=== WHAT IS BEING ASKED ===
The lines to copy are those in the records below that hold the word "dans".

=== DATA ===
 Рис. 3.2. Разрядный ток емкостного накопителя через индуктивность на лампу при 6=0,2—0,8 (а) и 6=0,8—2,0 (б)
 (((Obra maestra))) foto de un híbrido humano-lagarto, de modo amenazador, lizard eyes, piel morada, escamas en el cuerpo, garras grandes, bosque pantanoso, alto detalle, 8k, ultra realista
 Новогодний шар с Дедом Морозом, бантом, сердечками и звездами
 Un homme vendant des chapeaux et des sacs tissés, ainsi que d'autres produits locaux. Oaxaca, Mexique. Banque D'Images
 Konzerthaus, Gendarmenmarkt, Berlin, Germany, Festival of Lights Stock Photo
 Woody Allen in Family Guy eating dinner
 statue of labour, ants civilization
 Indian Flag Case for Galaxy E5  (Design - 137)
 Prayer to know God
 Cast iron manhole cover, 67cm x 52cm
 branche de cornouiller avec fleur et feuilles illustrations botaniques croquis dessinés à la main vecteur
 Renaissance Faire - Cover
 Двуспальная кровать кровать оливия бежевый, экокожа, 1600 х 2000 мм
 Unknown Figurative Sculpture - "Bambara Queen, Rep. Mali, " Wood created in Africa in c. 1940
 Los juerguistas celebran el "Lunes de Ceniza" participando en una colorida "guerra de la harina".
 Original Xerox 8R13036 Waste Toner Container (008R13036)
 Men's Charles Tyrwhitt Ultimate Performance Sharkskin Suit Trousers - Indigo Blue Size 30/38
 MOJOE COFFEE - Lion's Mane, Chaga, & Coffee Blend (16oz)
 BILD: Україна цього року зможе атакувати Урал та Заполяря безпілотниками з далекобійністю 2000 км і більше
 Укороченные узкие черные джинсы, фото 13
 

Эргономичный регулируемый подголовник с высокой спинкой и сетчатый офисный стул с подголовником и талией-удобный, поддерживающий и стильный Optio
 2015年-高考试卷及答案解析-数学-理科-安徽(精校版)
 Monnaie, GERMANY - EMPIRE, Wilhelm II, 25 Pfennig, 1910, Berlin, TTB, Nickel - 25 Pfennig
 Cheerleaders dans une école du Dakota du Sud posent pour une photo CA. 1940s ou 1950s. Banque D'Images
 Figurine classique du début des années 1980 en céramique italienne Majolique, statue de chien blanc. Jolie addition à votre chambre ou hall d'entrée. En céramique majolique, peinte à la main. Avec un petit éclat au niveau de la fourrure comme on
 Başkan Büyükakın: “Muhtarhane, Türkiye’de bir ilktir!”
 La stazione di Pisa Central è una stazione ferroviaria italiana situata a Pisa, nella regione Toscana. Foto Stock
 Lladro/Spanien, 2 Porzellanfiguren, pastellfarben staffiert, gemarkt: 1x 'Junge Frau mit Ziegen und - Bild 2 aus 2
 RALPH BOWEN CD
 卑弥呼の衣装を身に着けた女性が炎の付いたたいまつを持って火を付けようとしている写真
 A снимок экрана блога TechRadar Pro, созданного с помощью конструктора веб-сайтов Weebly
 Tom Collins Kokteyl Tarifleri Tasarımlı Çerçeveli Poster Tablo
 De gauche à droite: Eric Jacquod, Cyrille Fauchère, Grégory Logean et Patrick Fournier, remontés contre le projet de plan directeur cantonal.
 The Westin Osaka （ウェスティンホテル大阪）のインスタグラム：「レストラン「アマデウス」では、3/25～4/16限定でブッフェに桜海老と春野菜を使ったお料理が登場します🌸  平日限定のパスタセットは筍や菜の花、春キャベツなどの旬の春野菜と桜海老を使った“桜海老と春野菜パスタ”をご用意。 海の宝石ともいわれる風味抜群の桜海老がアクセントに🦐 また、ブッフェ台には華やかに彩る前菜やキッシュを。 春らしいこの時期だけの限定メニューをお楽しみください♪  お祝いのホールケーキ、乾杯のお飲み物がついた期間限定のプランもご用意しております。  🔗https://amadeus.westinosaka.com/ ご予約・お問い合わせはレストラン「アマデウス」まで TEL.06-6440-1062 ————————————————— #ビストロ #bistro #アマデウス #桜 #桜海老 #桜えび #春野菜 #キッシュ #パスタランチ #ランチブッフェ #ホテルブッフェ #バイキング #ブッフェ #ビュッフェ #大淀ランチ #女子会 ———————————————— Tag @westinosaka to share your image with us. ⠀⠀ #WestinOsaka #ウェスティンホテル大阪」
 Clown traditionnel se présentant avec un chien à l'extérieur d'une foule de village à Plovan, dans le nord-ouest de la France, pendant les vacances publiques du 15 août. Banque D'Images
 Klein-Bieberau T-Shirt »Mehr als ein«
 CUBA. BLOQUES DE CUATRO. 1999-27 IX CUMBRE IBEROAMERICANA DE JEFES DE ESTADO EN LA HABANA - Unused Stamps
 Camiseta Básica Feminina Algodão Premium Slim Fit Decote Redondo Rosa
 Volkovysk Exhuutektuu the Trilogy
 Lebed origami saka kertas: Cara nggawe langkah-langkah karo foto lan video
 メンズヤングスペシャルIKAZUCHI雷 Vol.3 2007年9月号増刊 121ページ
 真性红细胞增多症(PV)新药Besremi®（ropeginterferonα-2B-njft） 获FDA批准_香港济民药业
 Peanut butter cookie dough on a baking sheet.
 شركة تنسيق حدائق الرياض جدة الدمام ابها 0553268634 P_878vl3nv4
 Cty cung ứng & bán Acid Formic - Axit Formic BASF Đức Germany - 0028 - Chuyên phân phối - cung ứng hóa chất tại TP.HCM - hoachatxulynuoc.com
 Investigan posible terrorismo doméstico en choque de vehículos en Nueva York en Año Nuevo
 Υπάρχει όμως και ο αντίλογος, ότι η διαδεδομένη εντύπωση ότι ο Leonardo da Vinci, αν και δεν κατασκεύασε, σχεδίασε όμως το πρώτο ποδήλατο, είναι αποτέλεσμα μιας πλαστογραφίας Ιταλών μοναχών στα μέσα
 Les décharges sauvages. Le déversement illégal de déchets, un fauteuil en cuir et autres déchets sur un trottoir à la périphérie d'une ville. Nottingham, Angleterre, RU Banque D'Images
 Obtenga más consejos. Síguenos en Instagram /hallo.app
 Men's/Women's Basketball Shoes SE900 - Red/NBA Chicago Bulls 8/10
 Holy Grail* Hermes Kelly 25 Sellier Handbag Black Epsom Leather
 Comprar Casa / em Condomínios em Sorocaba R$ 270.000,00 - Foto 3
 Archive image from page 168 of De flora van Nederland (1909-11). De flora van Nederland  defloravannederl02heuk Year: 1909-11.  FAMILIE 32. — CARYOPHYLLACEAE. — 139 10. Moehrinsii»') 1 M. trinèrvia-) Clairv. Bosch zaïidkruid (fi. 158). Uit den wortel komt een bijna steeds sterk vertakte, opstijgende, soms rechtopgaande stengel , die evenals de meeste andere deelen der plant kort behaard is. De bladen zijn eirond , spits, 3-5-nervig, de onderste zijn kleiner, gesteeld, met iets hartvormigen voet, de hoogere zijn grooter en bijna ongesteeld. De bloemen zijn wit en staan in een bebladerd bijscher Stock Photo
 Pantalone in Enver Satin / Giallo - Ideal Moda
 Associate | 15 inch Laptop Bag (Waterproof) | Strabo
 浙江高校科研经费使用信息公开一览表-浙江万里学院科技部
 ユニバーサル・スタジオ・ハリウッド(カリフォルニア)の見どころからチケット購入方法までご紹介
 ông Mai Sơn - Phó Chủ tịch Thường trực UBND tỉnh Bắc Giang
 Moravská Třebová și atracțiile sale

=== SOLUTION TO THIS PROBLEM ===
 Cheerleaders dans une école du Dakota du Sud posent pour une photo CA. 1940s ou 1950s. Banque D'Images
 Clown traditionnel se présentant avec un chien à l'extérieur d'une foule de village à Plovan, dans le nord-ouest de la France, pendant les vacances publiques du 15 août. Banque D'Images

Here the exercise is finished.